(Work instruction): Repeat, please, only the lines from the top of the data down to the line with "DOVE - Go fresh"; include both of those lines.
[Supplied data — start]
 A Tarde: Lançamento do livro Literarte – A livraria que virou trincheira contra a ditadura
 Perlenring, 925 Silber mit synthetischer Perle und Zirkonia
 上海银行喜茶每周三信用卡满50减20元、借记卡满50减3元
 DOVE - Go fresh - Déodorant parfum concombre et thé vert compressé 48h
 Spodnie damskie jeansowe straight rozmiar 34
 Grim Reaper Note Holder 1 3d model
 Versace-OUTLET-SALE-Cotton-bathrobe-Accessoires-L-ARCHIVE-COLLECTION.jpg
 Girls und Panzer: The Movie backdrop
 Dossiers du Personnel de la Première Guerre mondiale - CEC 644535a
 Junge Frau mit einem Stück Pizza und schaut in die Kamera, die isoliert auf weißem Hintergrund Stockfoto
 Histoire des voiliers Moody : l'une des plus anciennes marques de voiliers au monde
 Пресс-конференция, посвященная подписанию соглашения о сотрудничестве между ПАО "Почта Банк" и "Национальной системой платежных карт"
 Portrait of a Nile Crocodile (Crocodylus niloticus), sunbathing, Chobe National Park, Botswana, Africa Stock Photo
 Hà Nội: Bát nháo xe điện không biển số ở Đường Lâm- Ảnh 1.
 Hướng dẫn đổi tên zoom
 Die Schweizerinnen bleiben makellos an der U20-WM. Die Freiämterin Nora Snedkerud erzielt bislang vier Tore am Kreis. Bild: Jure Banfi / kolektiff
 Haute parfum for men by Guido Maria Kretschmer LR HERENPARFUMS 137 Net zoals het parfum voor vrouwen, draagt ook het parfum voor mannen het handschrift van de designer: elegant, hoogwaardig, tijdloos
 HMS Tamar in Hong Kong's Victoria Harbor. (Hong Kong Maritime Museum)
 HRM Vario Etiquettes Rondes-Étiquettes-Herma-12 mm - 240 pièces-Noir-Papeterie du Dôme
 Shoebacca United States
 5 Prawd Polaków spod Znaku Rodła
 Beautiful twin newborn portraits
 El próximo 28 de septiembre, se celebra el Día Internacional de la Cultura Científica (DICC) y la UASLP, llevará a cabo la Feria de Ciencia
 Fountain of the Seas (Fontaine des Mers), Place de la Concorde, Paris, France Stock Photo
[Supplied data — finish]
(Solution):
 A Tarde: Lançamento do livro Literarte – A livraria que virou trincheira contra a ditadura
 Perlenring, 925 Silber mit synthetischer Perle und Zirkonia
 上海银行喜茶每周三信用卡满50减20元、借记卡满50减3元
 DOVE - Go fresh - Déodorant parfum concombre et thé vert compressé 48h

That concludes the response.